This means the code challenge system can test polymorphic functions by instantiating type variables to concrete types for testing, while verifying that the instantiation is consistent. A challenge asking for a function of type a -> [a] -> [a] might test it with Int -> [Int] -> [Int], and the type system ensures the test harness is well-typed before it ever reaches the sandbox.

Why Not Docker?

Docker would work for basic isolation, but it is heavy. Each execution would require either a pre-built image or a build step. Bubblewrap gives us the isolation we need (filesystem, no network) with minimal overhead because it operates at the namespace level rather than requiring a full container runtime. Since everything we need (GHC, packages) is already in the nix store, we just mount it read-only and go.

The result is fast execution with strong isolation. No image pulls, no layer caching, no daemon. Just a namespace with the right mounts.

The Architecture in Summary

User code (browser)
  |
  v
Backend receives code + challenge ID
  |
  v
runGhcBWrap-core generates:
  - UserModule.hs (from user input)
  - M_<random>.hs (reference solution + test data)
  - Main.hs (comparison harness)
  |
  v
runGhcBWrap executes 4-phase compilation in bwrap sandbox:
  Phase 1: ghc -c UserModule.hs (TH runs, nothing secret exists)
  Phase 2: Write M_<random>.hs and Main.hs to disk
  Phase 3: ghc --make Main.hs -o Main (skips recompiling user code)
  Phase 4: ./Main (produces JSON results)
  |
  v
Backend parses JSON, returns results to browser

Every step is designed so that the untrusted parts (user code, TH execution) and the trusted parts (reference solutions, test data) are temporally separated.
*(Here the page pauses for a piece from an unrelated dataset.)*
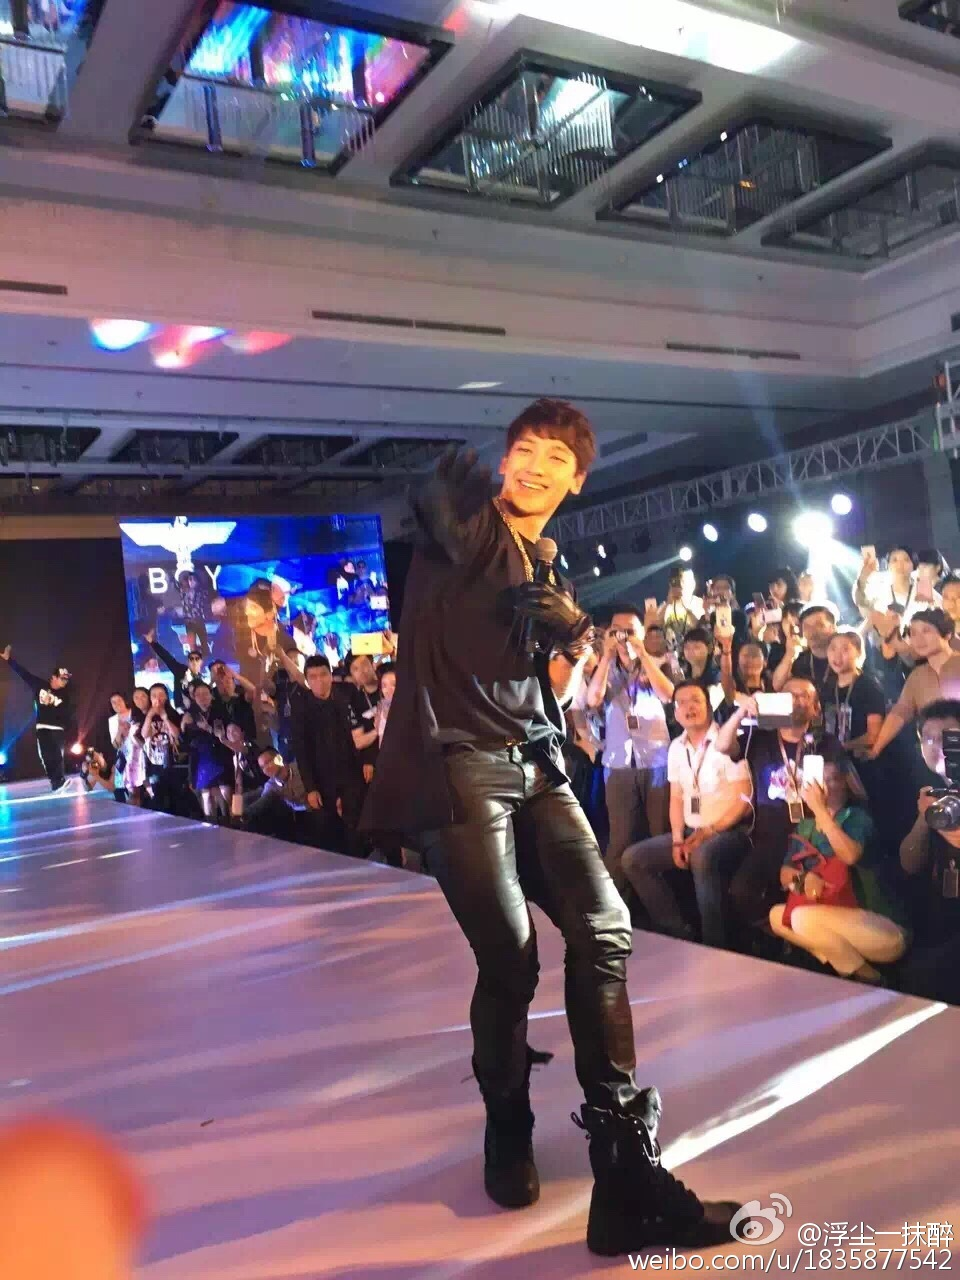 Rain  BOYLONDON 2016 ファッションショー in 北京_c0047605_7543229.jpg
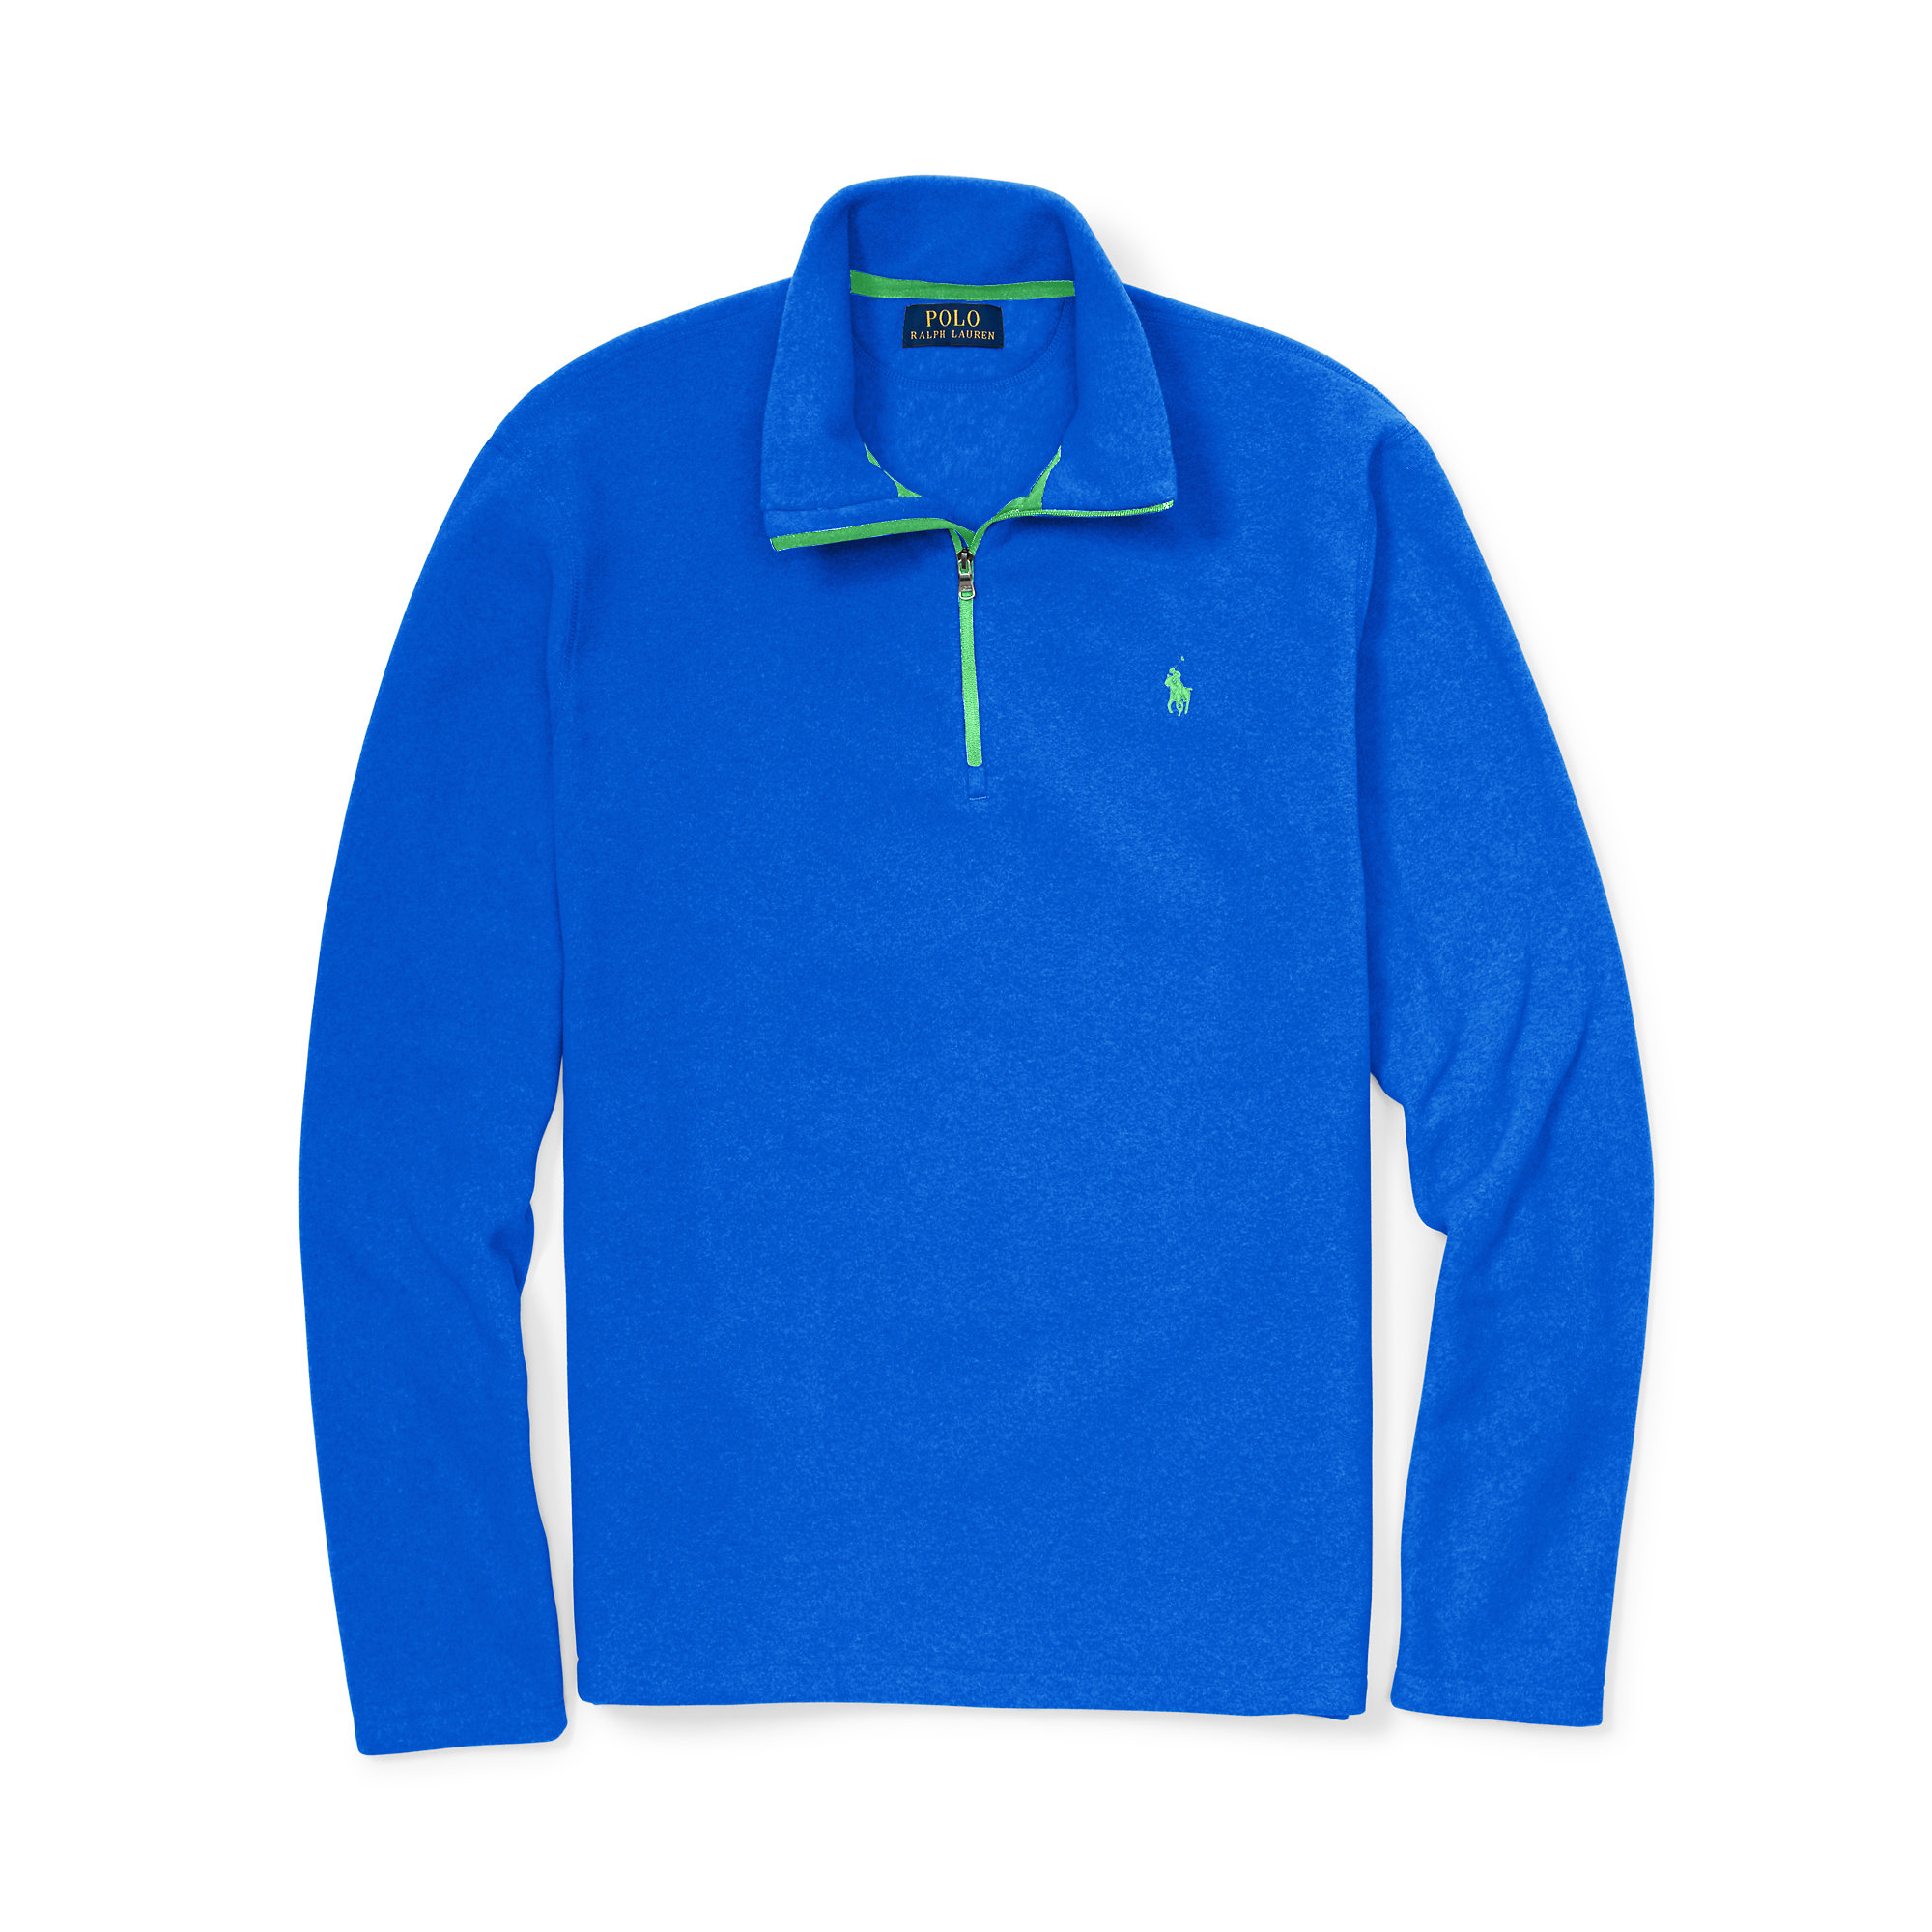 polo ralph lauren blue microfleece half zip pullover for men lyst. Black Bedroom Furniture Sets. Home Design Ideas

Security comes not from trying to restrict what TH can do, but from ensuring there is nothing dangerous to find when it runs.

Open Source

Both repositories are open source:

runGhcBWrap: The sandbox execution layer
runGhcBWrap-core: Code generation and test harness construction

If you are building a system that needs to run untrusted Haskell code, or if you are curious about what it takes to make Template Haskell safe in a multi-tenant environment, the source is there. The approach generalizes to any language with compile-time code execution.

The best sandbox is one where there is nothing worth stealing.